Collected material Block Start
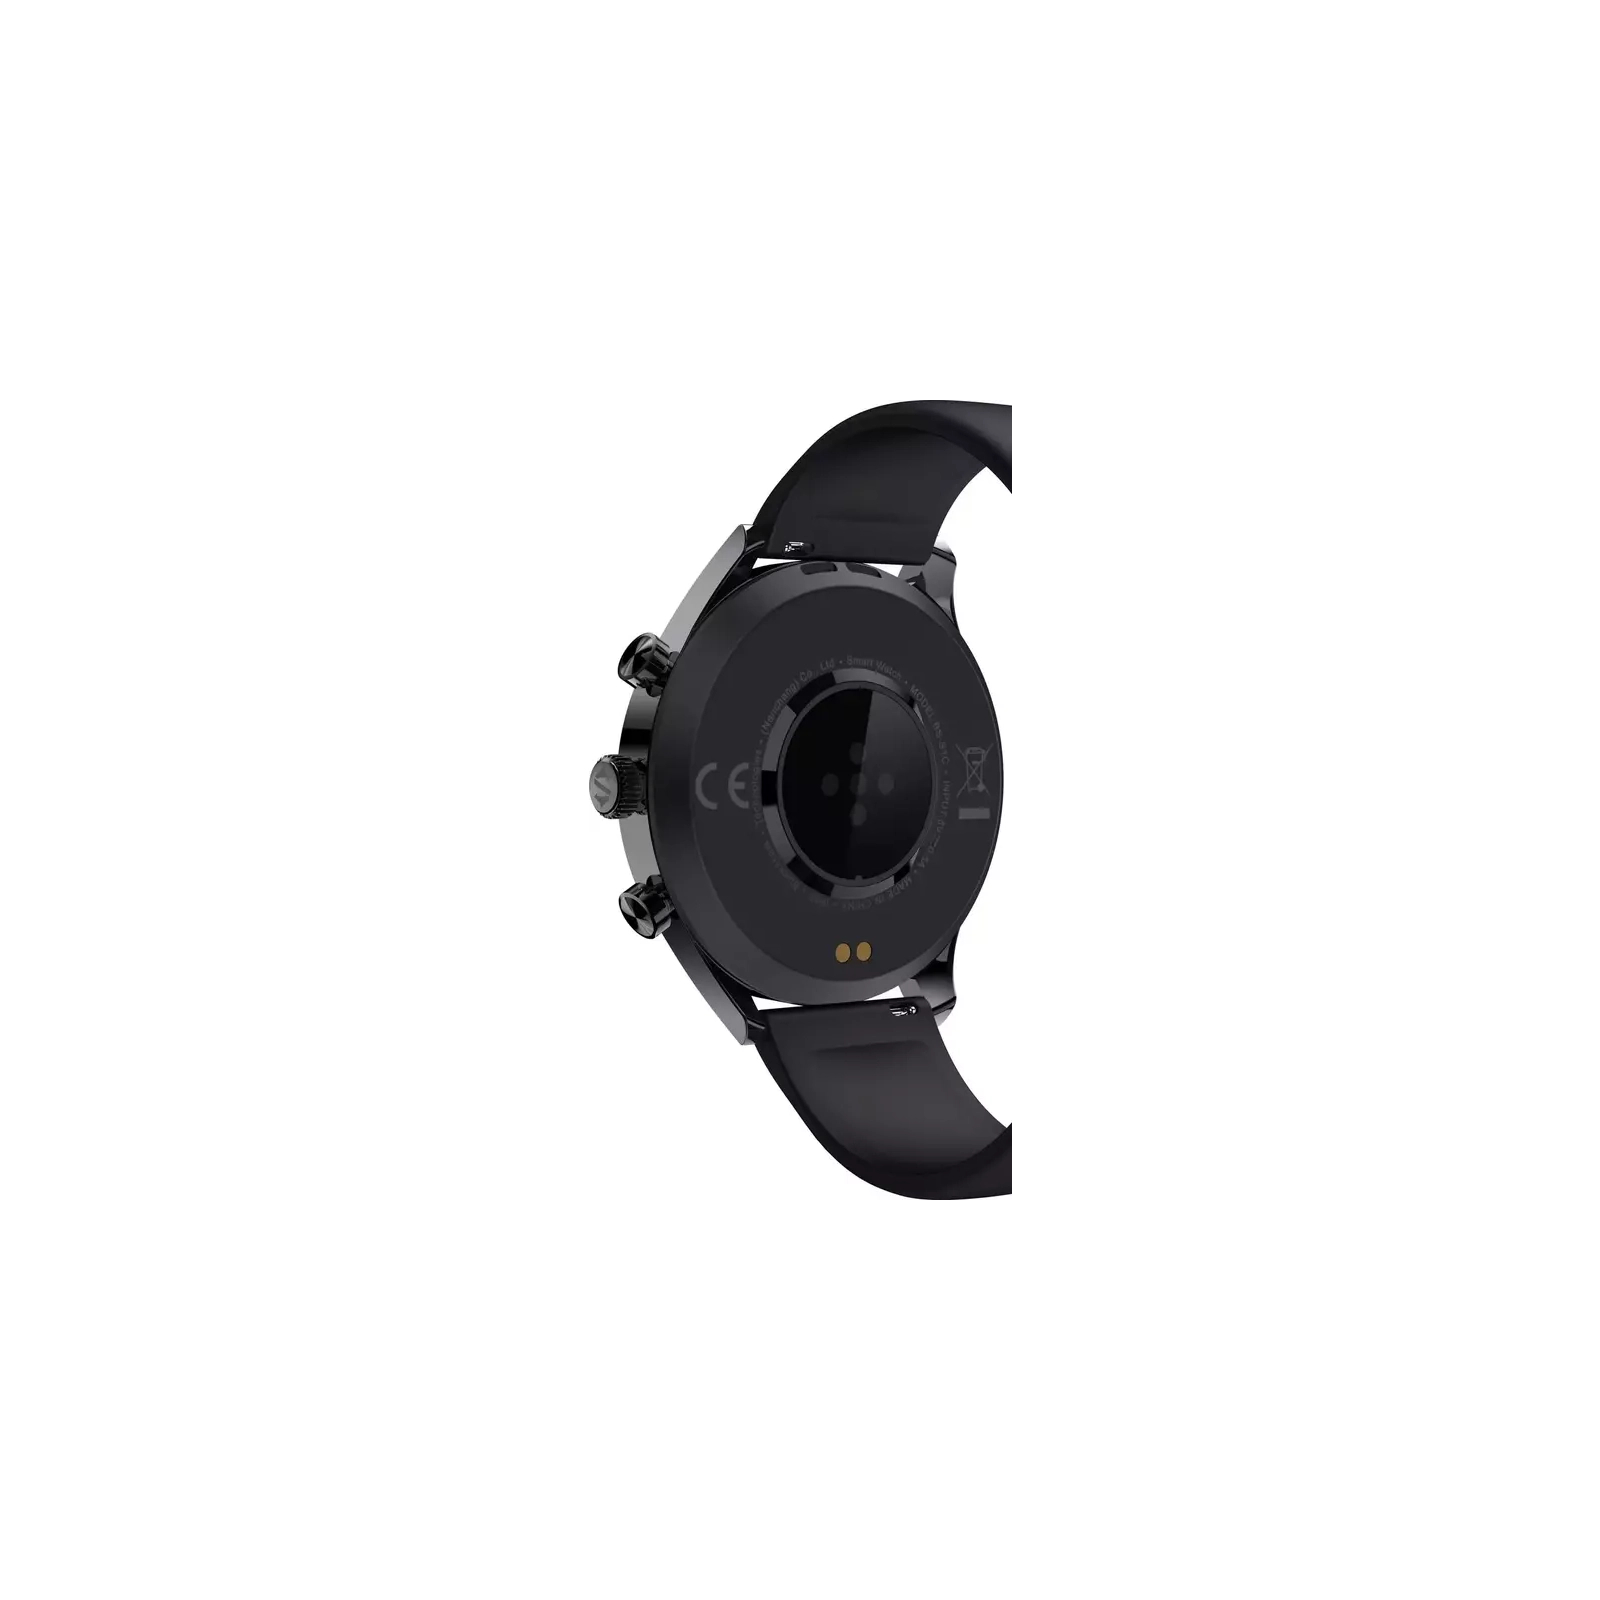 Смарт-часы Black Shark S1 CLASSIC - Silver изображение 10
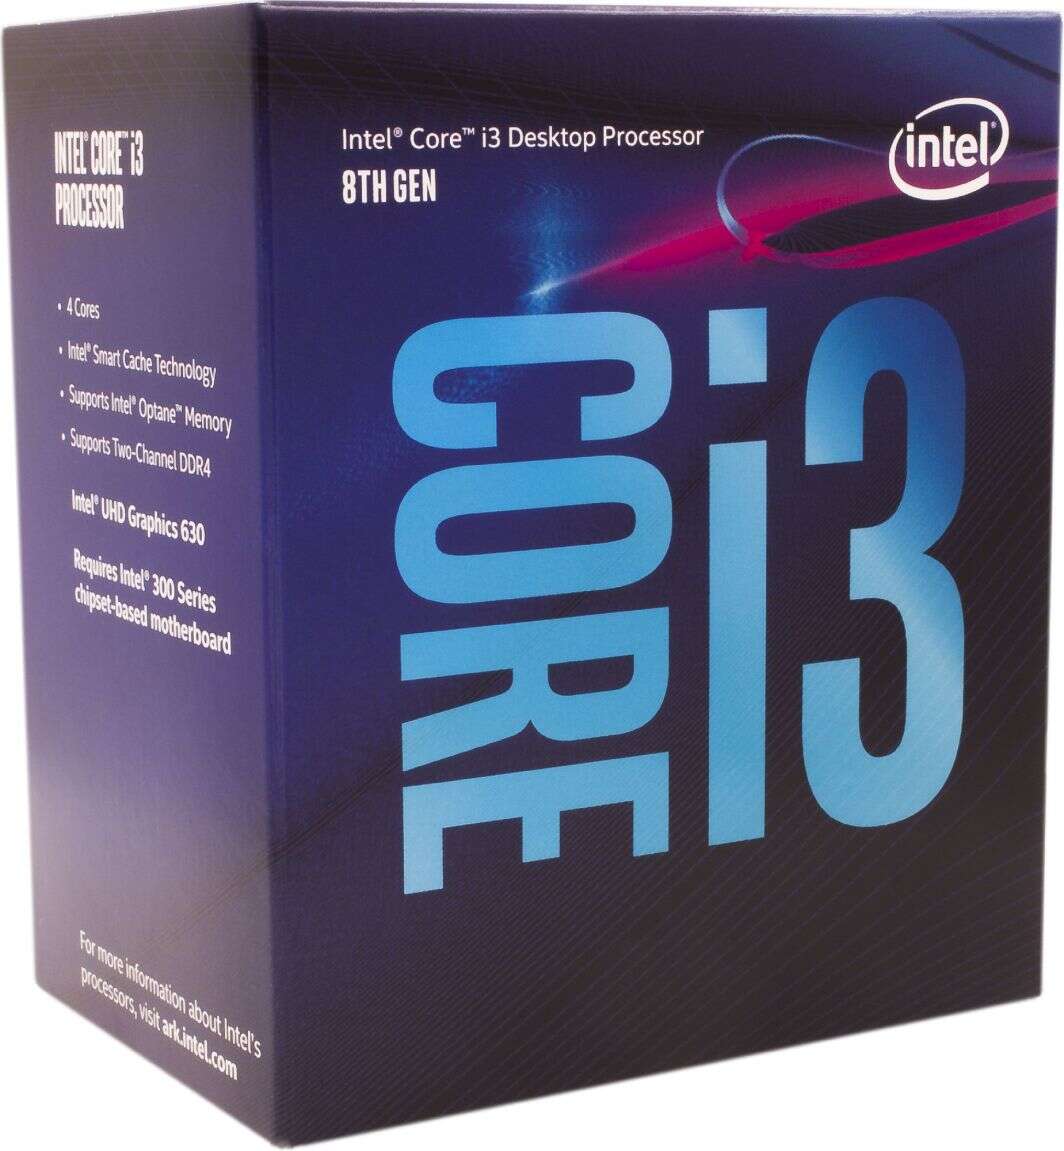 test Intel Core i3-8350K, recenzja Intel Core i3-8350K, review Intel Core i3-8350K, opinia Intel Core i3-8350K, cena Intel Core i3-8350K, testy Intel Core i3-8350K, wydajność Intel Core i3-8350K, test 8350K, recenzja 8350K, review 8350K, opinia 8350K, testy 8350K, wydajność 8350K
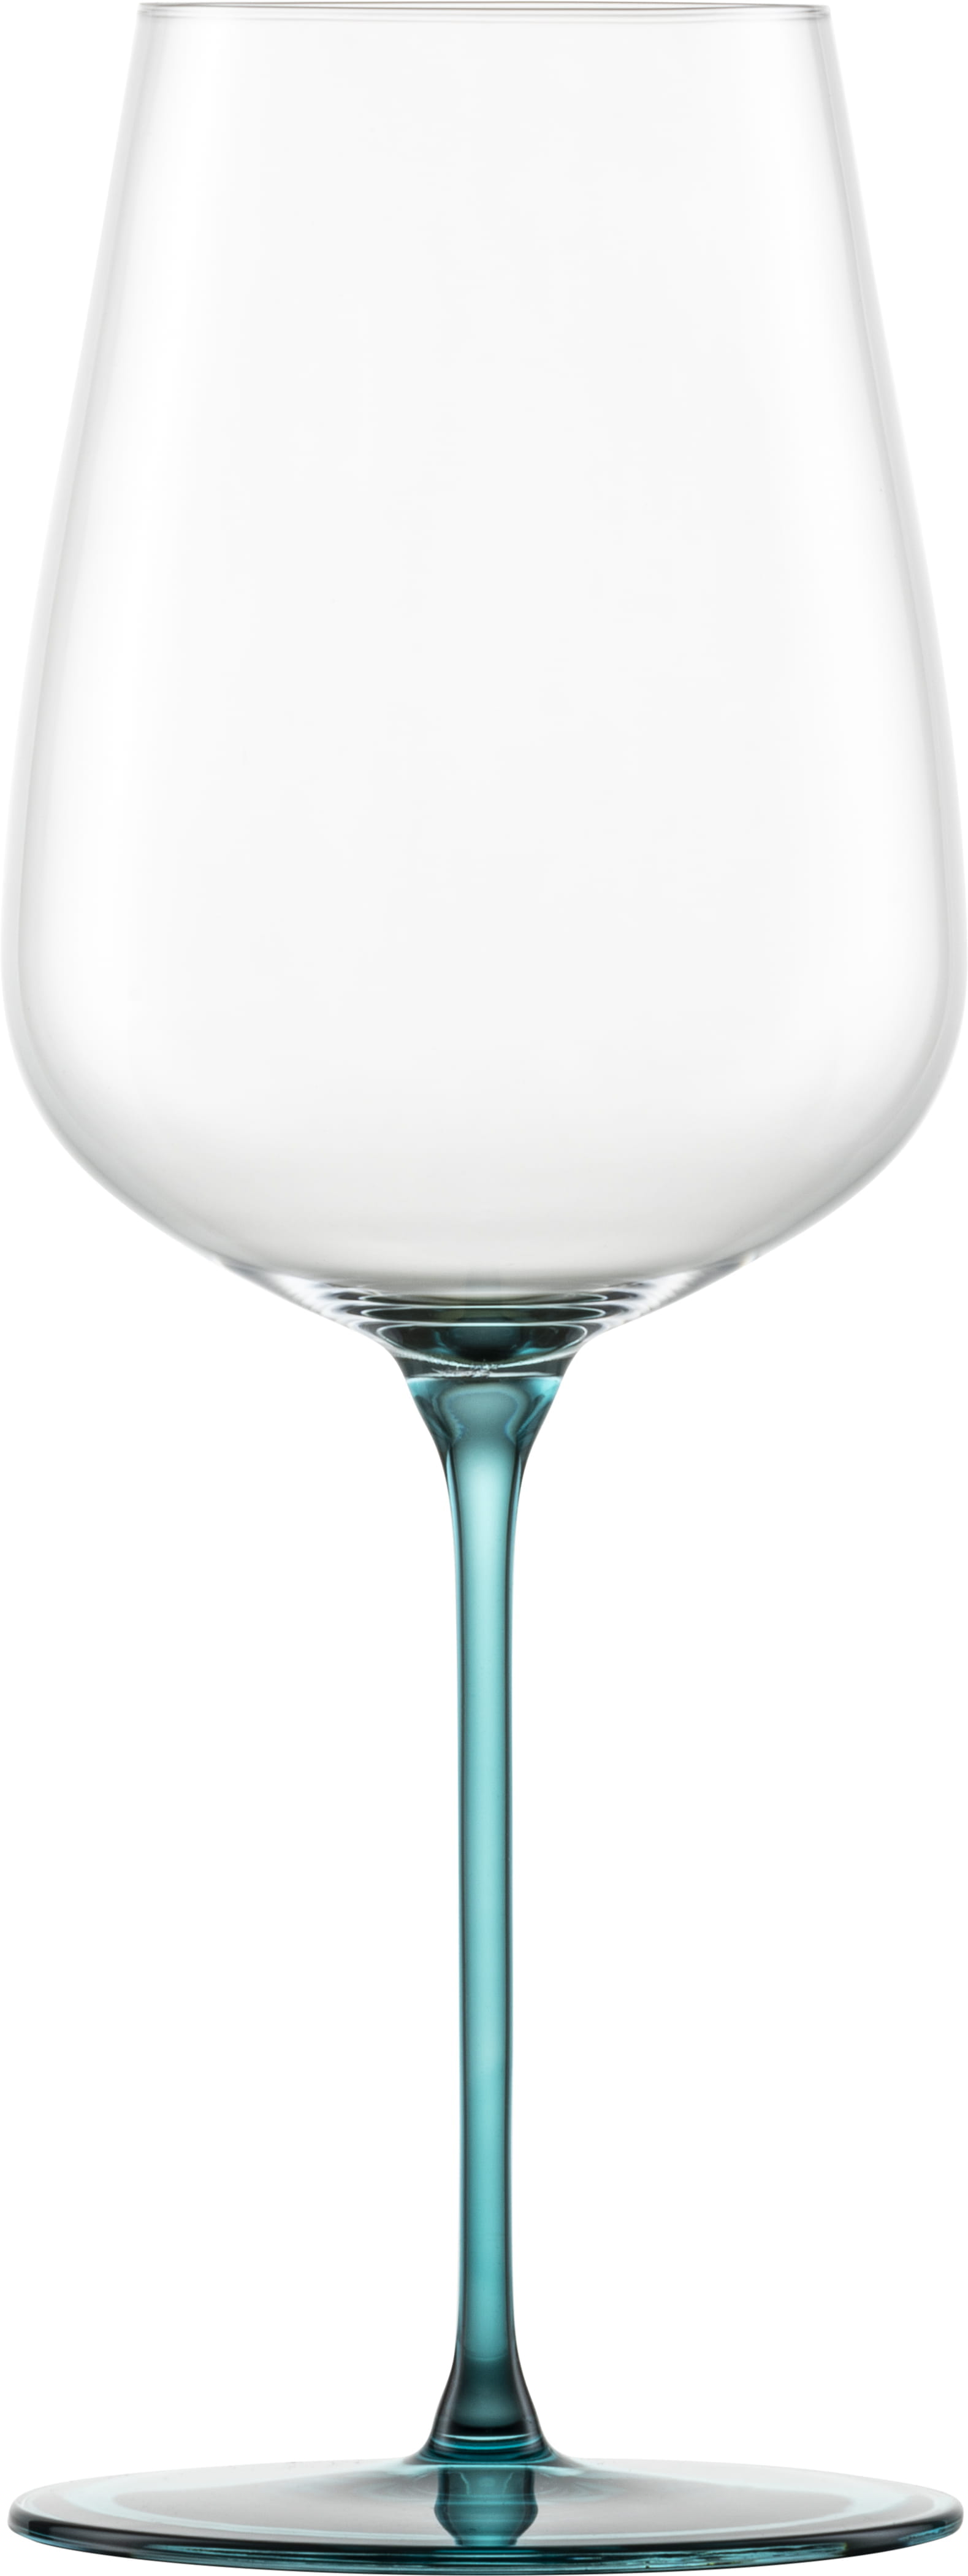 Eisch Glas Inspire Sensisplus 2 Allroundgläser 543/3 Aqua fruchtig & aromatisch
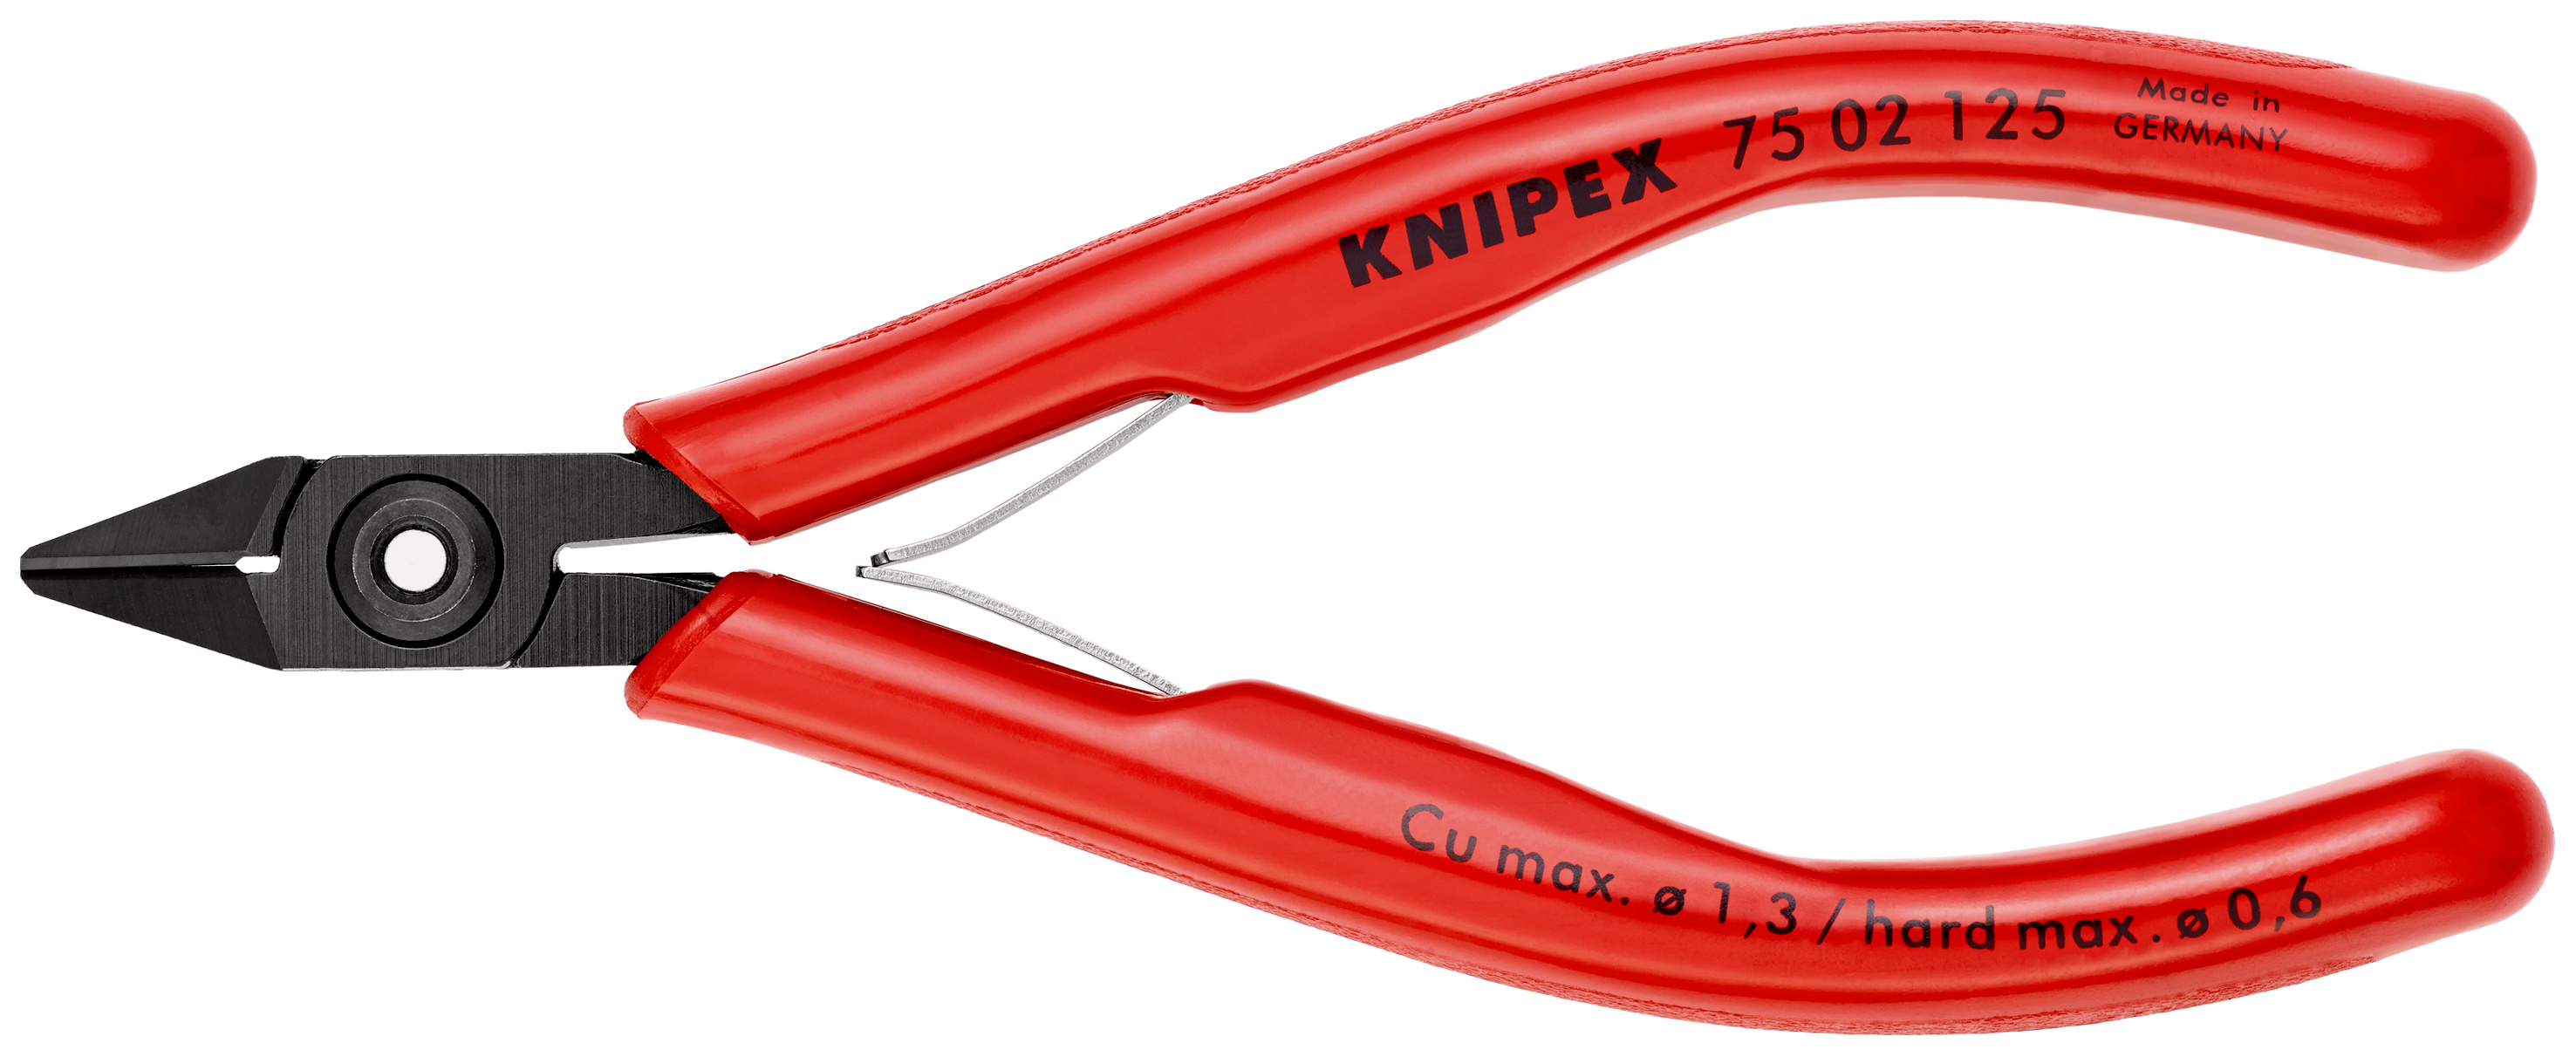 電工ニッパー | Knipex
Collected material Block End
Write out exactly the lines from the line containing "Eisch Glas Inspire" through the last line of the listing above, please, and leave out any pictures.

 Eisch Glas Inspire Sensisplus 2 Allroundgläser 543/3 Aqua fruchtig & aromatisch
 電工ニッパー | Knipex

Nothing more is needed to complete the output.